1,第24回参議院選挙では選挙権年齢が18歳に引き下げられ、新有権者240万人(有権者全体の2%)の投票行動が注目された。既に明らかにされているように、20歳未満の投票率は、18歳では51%(男49%,女53%)、19歳では39%(男37%,女47%)、新有権者の投票率は45% (男43%,女47%)で、全体の投票率54%を下回った。因みに共同通信の出口調査によれば、自民党に投票した人は10代で40%、20代で43,2%、30代で40,9%などとなっている。

2,選挙権年齢の18歳への引き下げは、国会における憲法調査会が役割を終え、憲法改正への具体的な審議を行う場として憲法審査会が両院に設置される経過において、各党間で三つの宿題として確認された一項目として取り上げられ、今回実施されたものである。この間の論議において、先進諸国の選挙権年齢が18歳であることが挙げられていた。

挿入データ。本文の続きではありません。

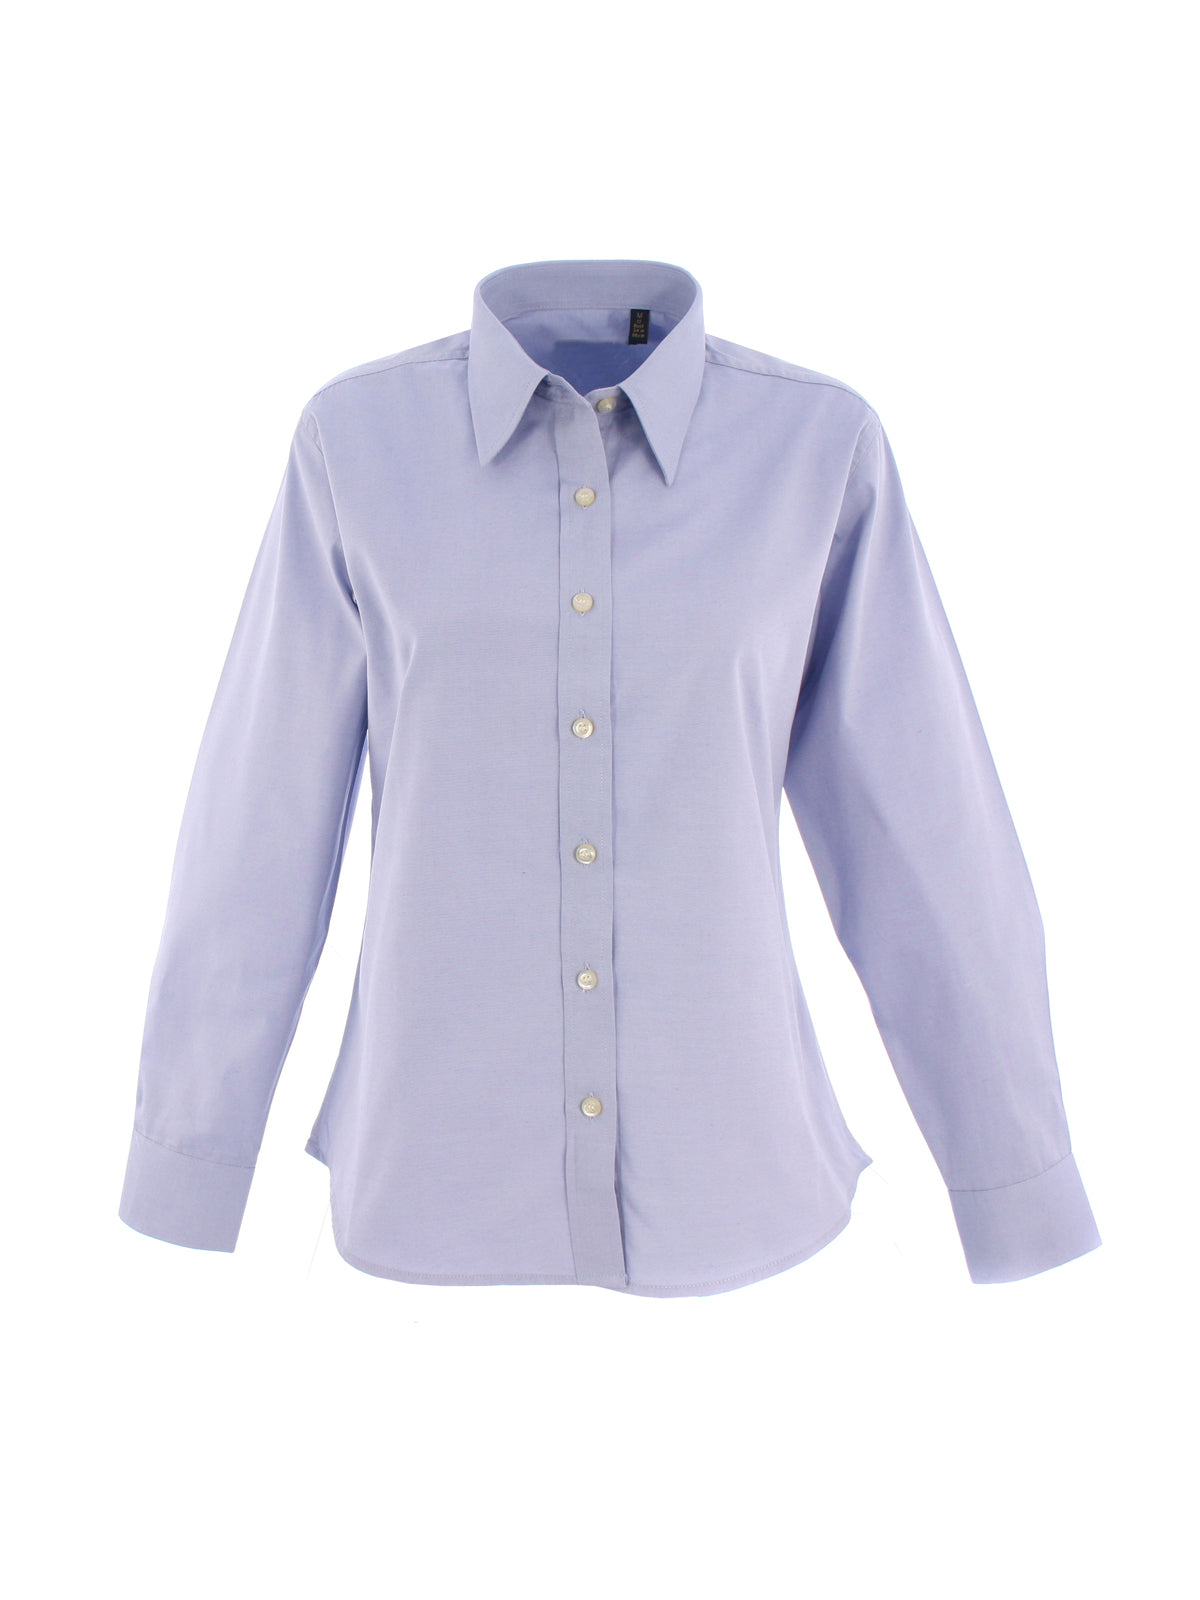 Uneek Ladies Pinpoint Oxford Full Sleeve Shirt UC703 - Light Blue

各国では、18歳年齢に対して、徴兵制など国に対する義務が先行しており、それに付随する権利として参政権を付与することとした経緯がある。我が国においては、民法、少年法等においては未成年として、権利行使の主体というよりは保護の対象であった。これらの未整理の課題を残したまま、参政権付与のみが先行した。

残された宿題の二つ目は公務員が憲法改正の国民投票において賛否の何れかの立場から、身分の制約なく活動することが認められるか否かという問題である。三つめは国民投票は憲法改正に限ってのものか、その他の国政上の重要課題に拡大すべきか。この二つの宿題については手が付けられていない。

思うに、三つの宿題を吟味してみれば、憲法審査会への移行を急いだ自民党の野党(民主党)への大幅な妥協、それも悔いを残すものだったと思う。国民投票の拡大は間接民主制の原則と相容れないし、公務員の政治活動に道を開くものとなるなど、「宿題」には野党側の罠が透けて見える。